YOUR INSTRUCTIONS
The required output is the line with "Seven Knights: Dark Servant Chapter 0" plus all lines that follow it to the end of the listing below, written out exactly, with no pictures.

EXERCISE DATA

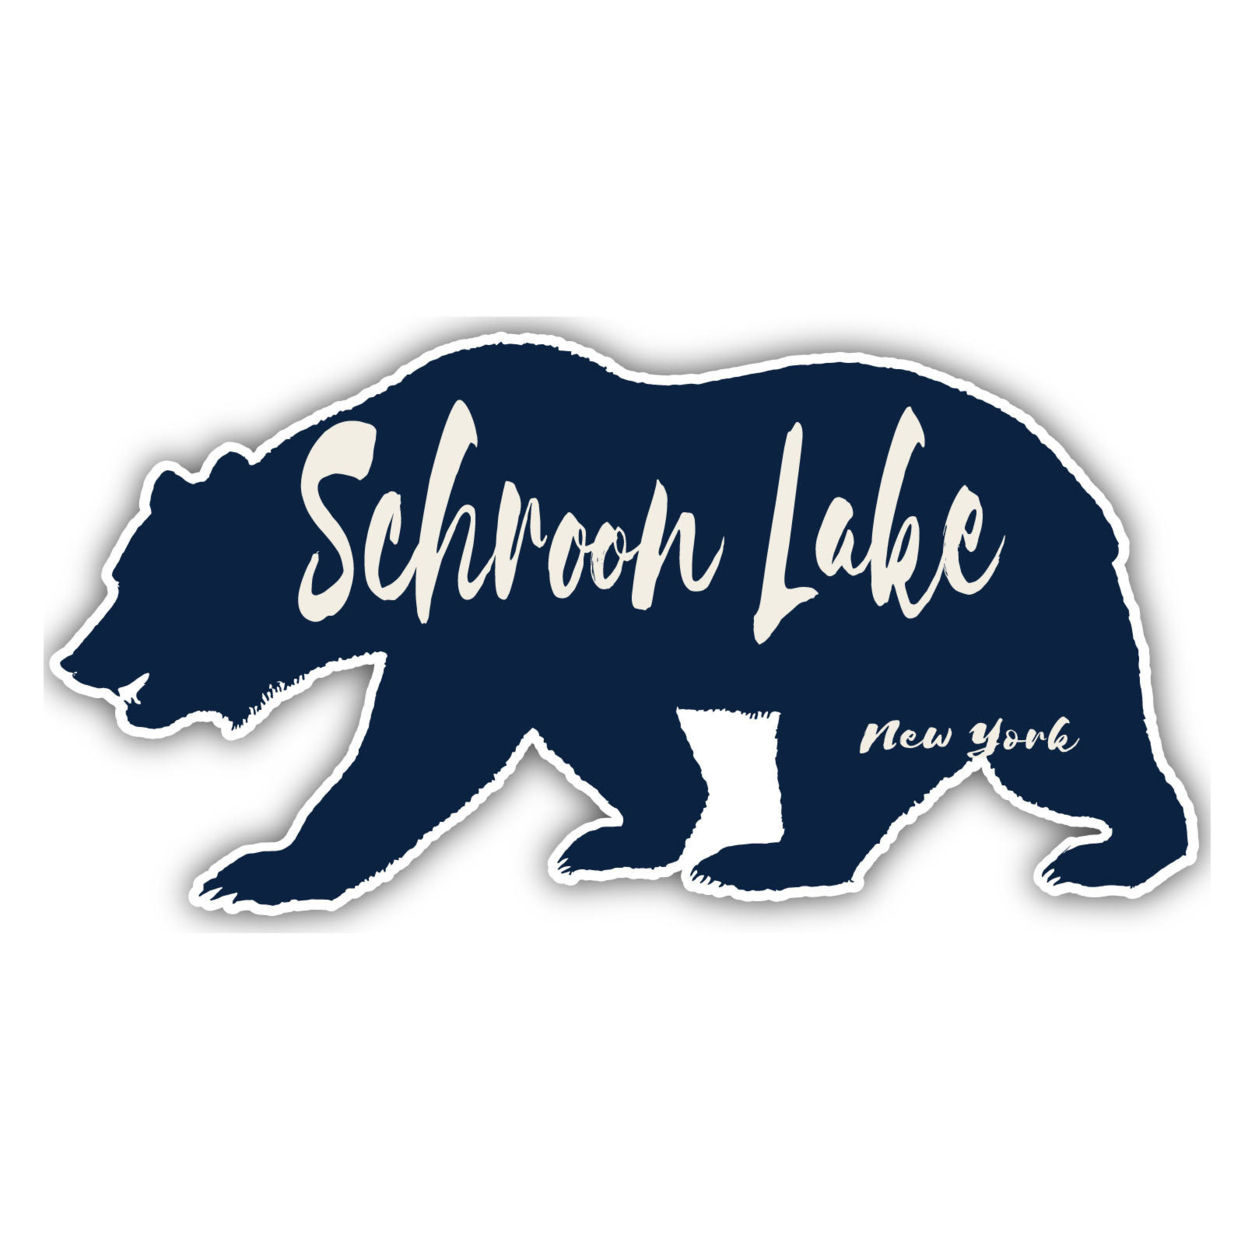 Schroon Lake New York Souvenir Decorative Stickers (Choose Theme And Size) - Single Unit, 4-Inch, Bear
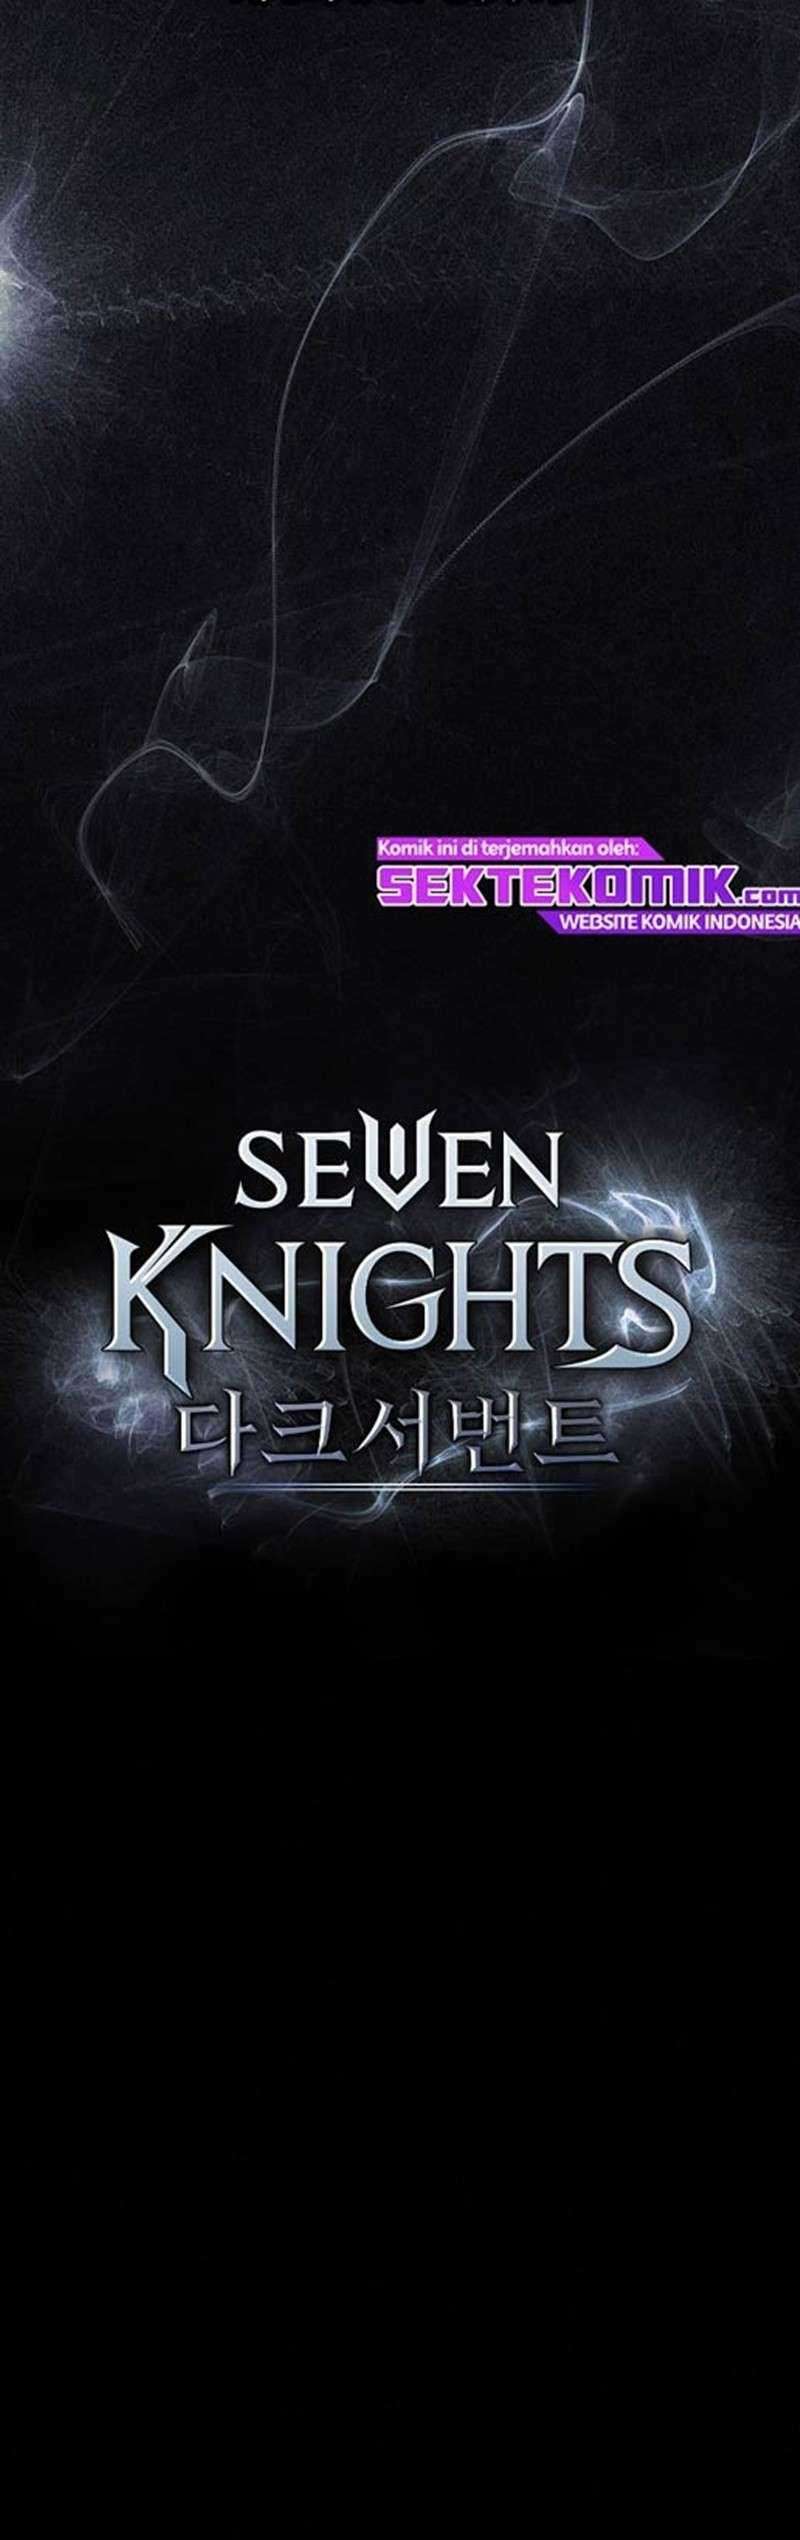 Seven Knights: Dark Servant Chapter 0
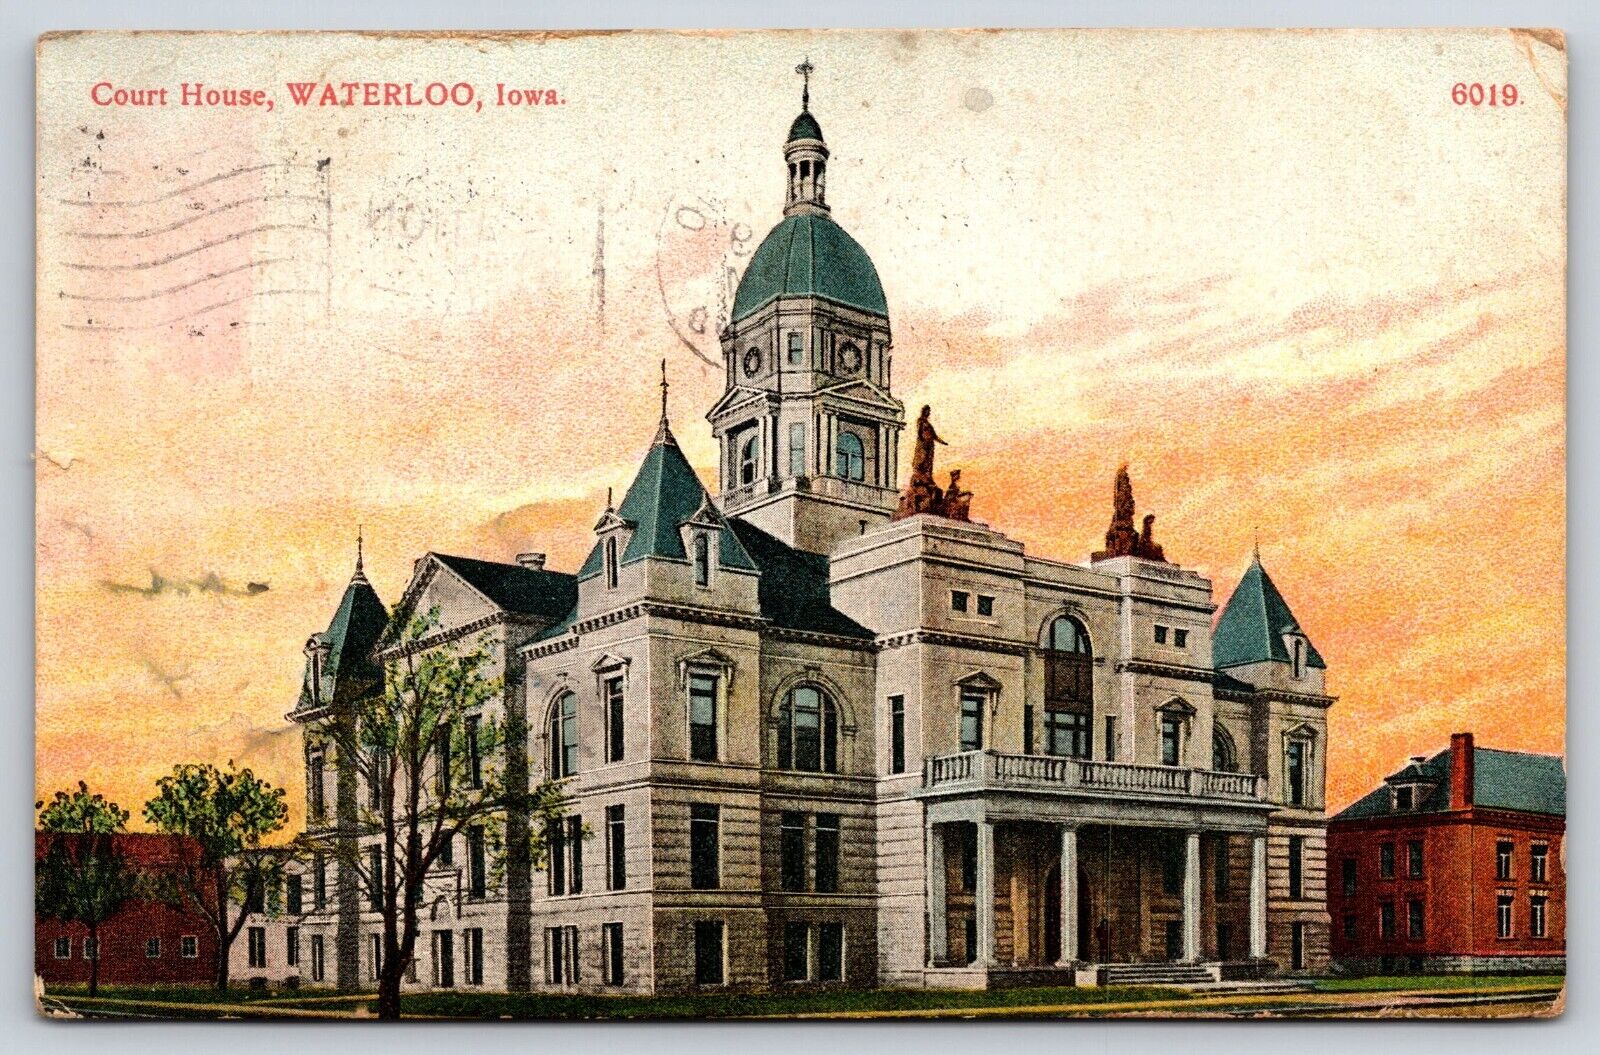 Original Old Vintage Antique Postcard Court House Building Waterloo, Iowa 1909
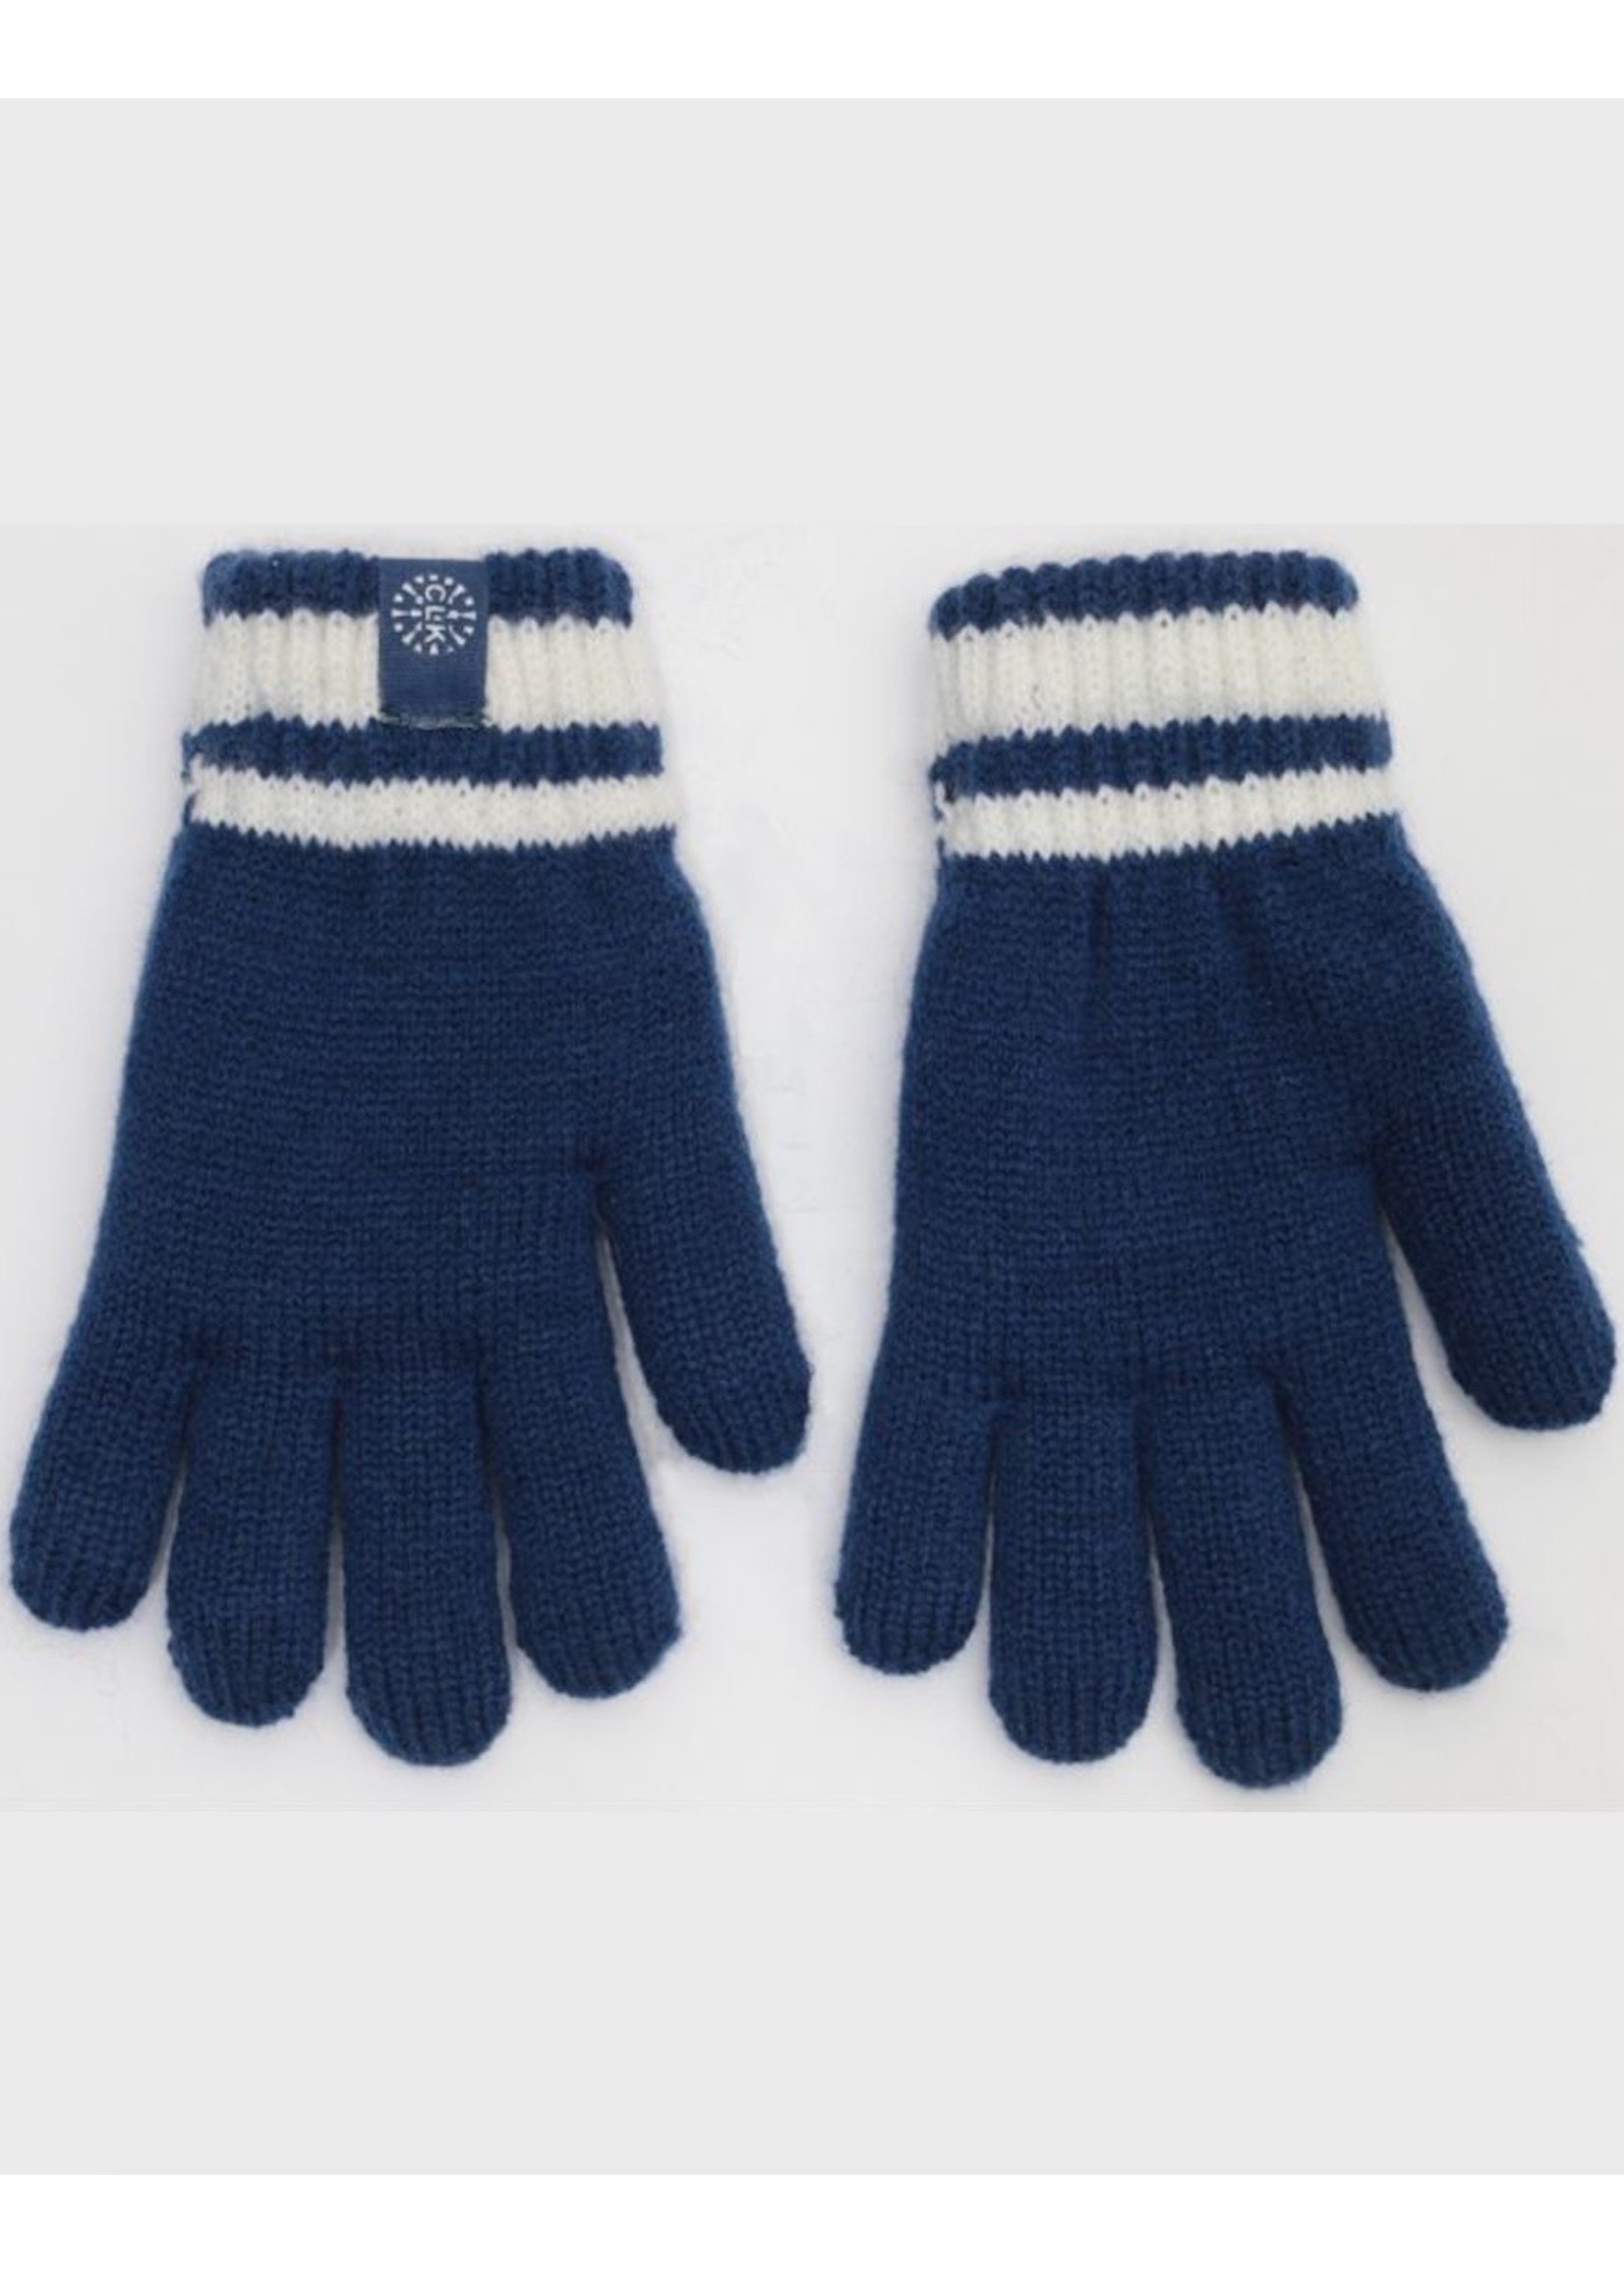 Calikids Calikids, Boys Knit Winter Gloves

RESPONSE TO THIS EXERCISE
 Seven Knights: Dark Servant Chapter 0
 Original Old Vintage Antique Postcard Court House Building Waterloo, Iowa 1909
 Calikids Calikids, Boys Knit Winter Gloves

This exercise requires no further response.